To Mona, Jeremy and the Fairgoers:

Why must there be a scapegoat any time a price increases or is deemed too high for your tastes? The prices that prevail in the marketplace are not “set” by any one person or firm (sans government obstruction). Despite what many of you believe, evil corporations do not set prices to exploit us bitty little consumers. Are the people responsible for putting on the fair somehow greedier this year than they were last year? If you subscribe to the view that market transactions are exploitive, then for consistency’s sake you must believe that you are exploiting sellers when prices are low. Somehow I don’t think you believe that.

What exactly then is a “fair” price? Oil companies are not exploiting us. If you believe oil companies are taking advantage of markets during wartime, then you are free in this country to go and secure oil and sell it to all of us at more reasonable prices. When you end up selling it for $75 per barrel, don’t dare mention supply and demand to us.

In Mr. Good’s letter of Thursday, July 20th, he makes two claims that unfortunately are not given much thought by people.

First, he claims that “the price of oil is affecting the cost of everything in this country.”

Really?

Oil prices have increased 32% during the first six months of 2006. Consumer prices have risen by nearly 4%. If all of the increase in consumer prices over the past 6 months had been due to oil price increases alone, then something that cost $10 in January would cost $10.40 today – hardly dramatic. Furthermore, due to the extensive division of labor and relatively free ability to trade goods and services across state and national boundaries, the impact of higher oil prices on the overall price level is far smaller today than at any other point in the petroleum era.

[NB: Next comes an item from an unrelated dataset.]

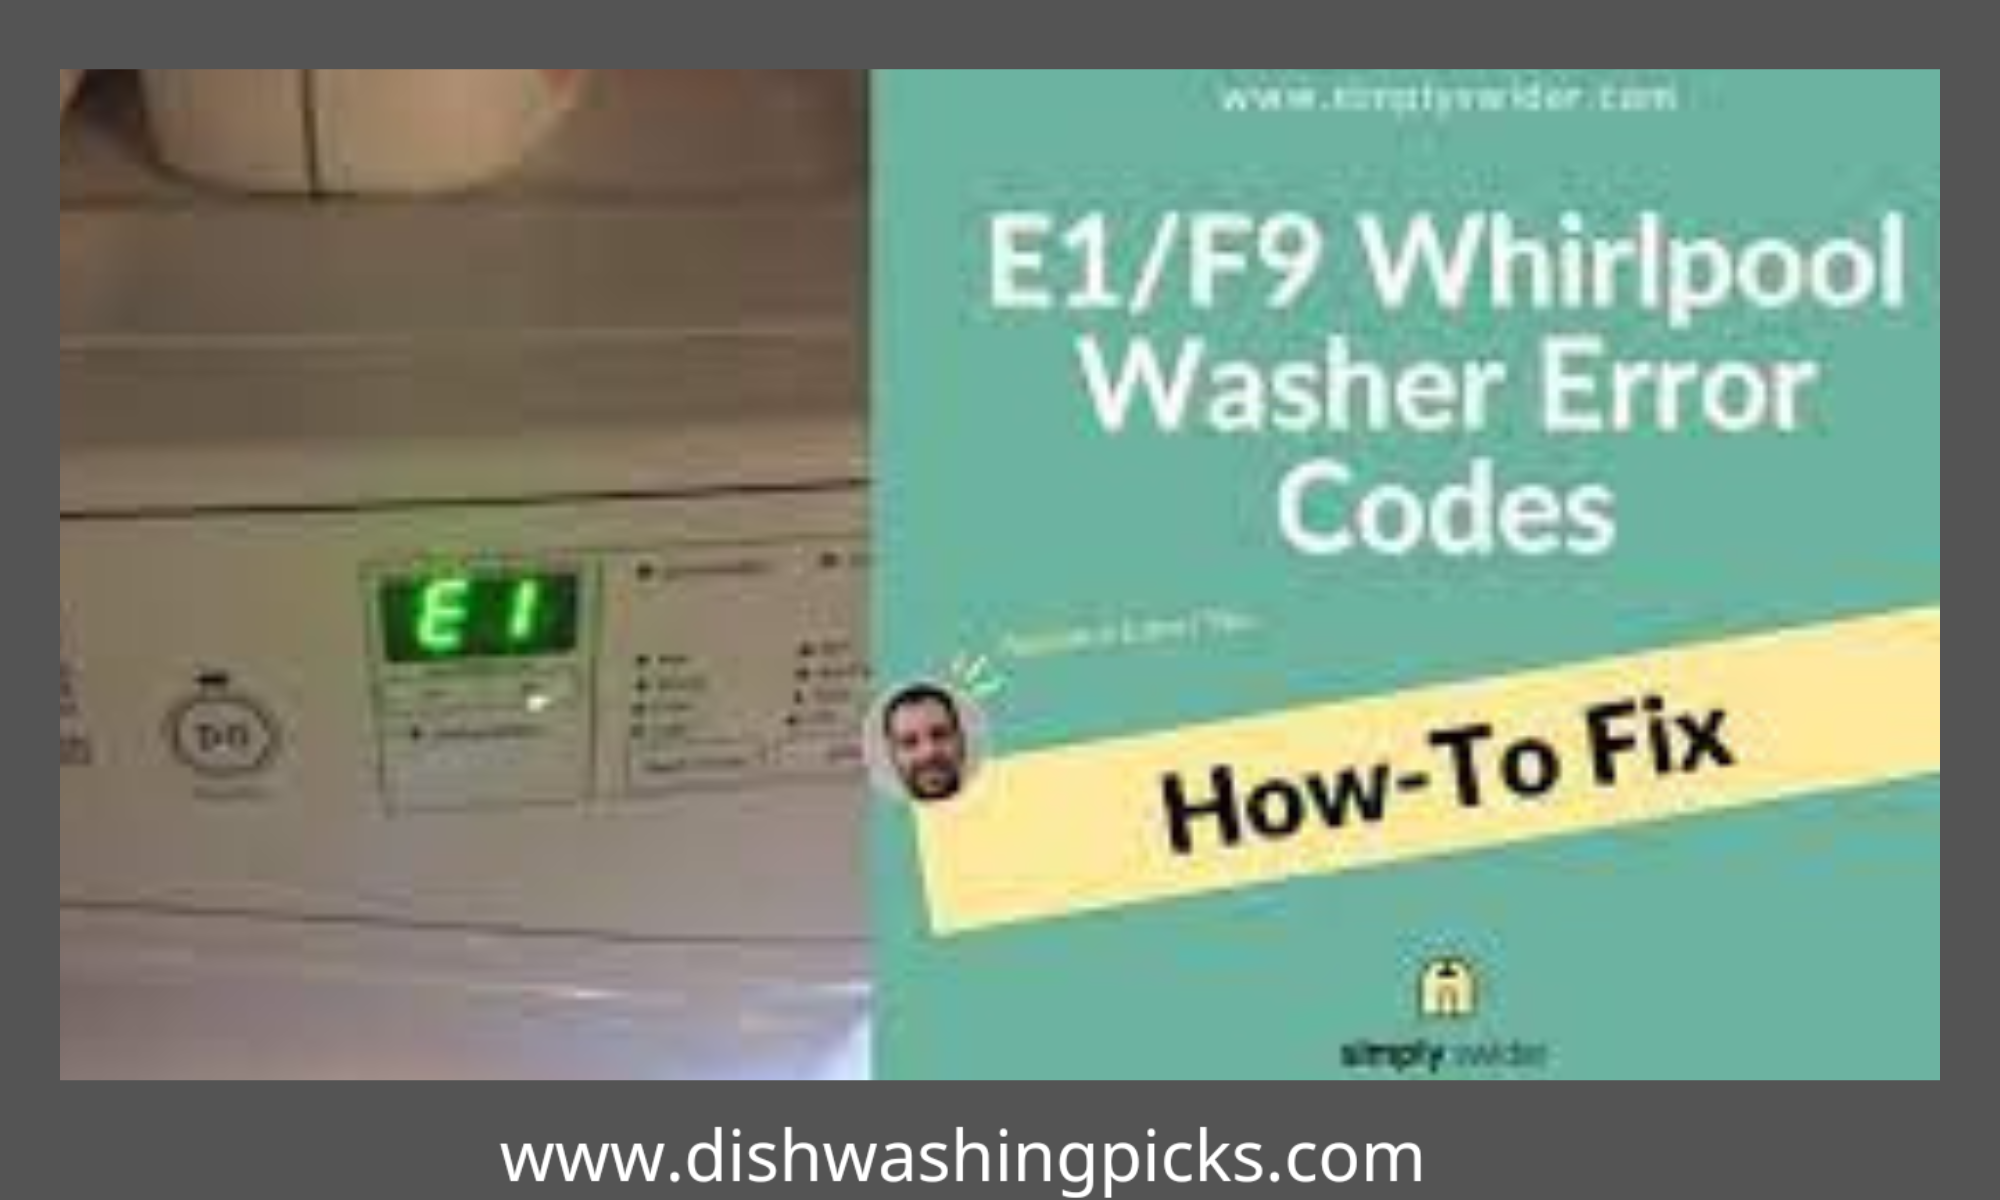 Fix E1 F9 Error Code on Dishwasher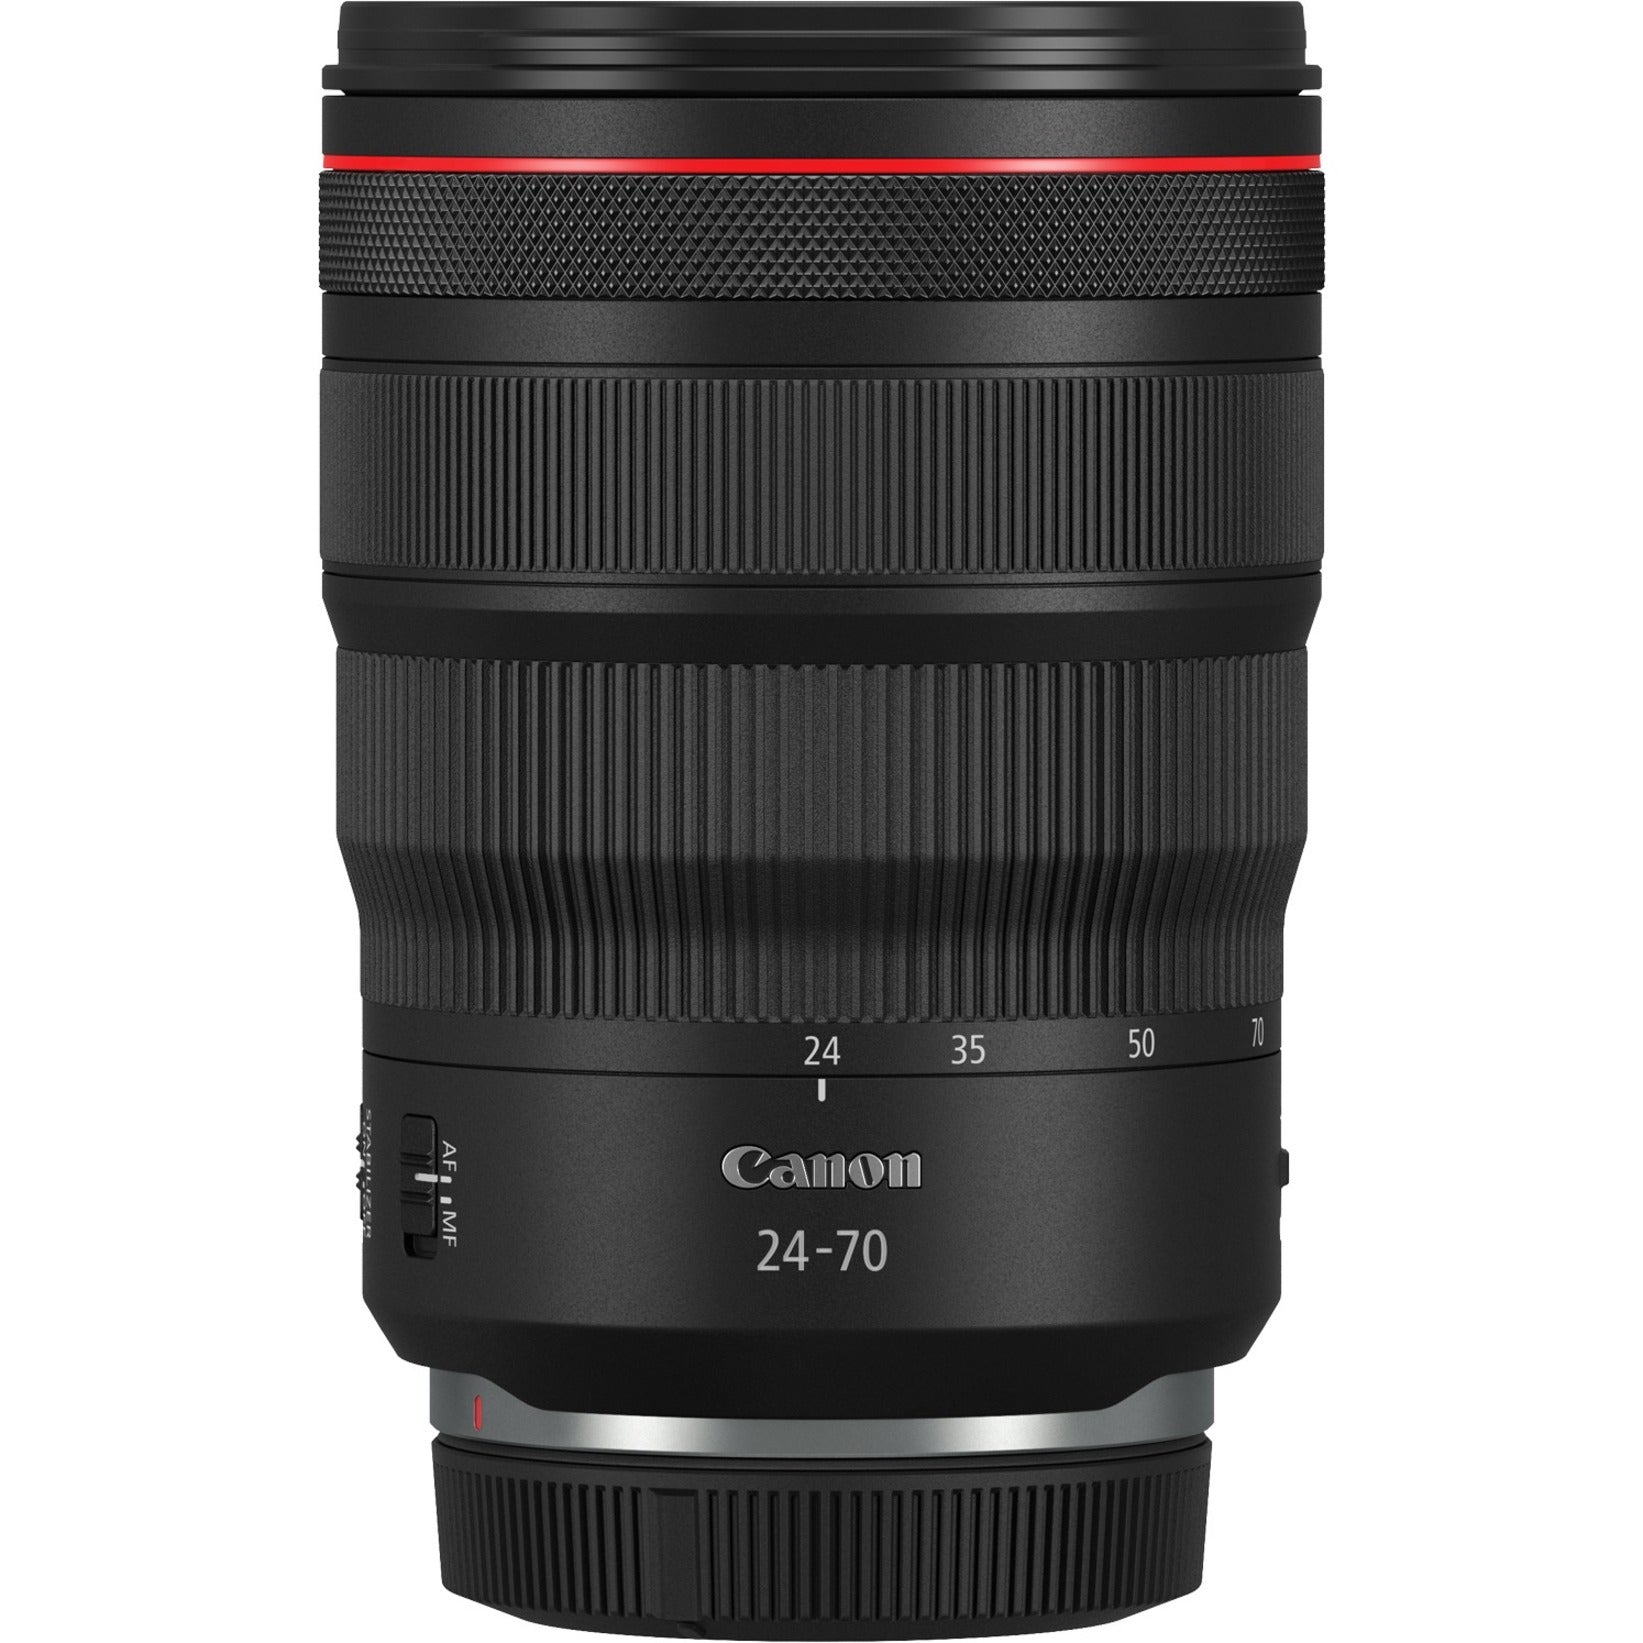 Canon 3680C002 RF 24-70mm F2.8 L IS USM Lens, Optical Zoom, Image Stabilization

Second, he mentions that the price of milk has gone up. But let’s not be so quick to blame high oil prices for this either. American farmers are “milking” all of us.

The following is excerpted from Wednesday’s Washington Post:

“When a drought left pastures in a handful of Plains states parched in 2003, ranchers turned to the federal government for help. Officials at the U.S. Department of Agriculture quickly responded with what they considered an innovative plan. They decided to dip into massive stockpiles of powdered milk that the agency had stored in warehouses nationwide as part of its milk price-support program. Livestock owners could get the protein-rich commodity free and feed it to their cattle and calves. The milk would help ranchers weather the drought while the government reduced its growing stockpile. But within months, the program spawned a lucrative secondary market in which ranchers, feed dealers and brokers began trading the powdered milk in a daisy chain of transactions, generating millions of dollars in profits. . . . Taxpayers paid at least $400 million for the emergency milk program, one of an array of costly relief plans crafted by Congress and the USDA to insulate farmers and ranchers from risk.”

When will we wake up to the insanity of American agricultural policies? For example, right here in the 6th congressional district of KY Edwin Riley of Salvisa , KY received $10,000 in dairy subsidies in 2004 and over $100,000 in government subsidies between 1995 and 2004. The 6th district received nearly $200,000 in dairy subsidies in 2004 (see this site for farm subsidy data – http://www.ewg.org/farm/). Your milk prices are still high, yet you look to blame the oil companies. Shame on us all.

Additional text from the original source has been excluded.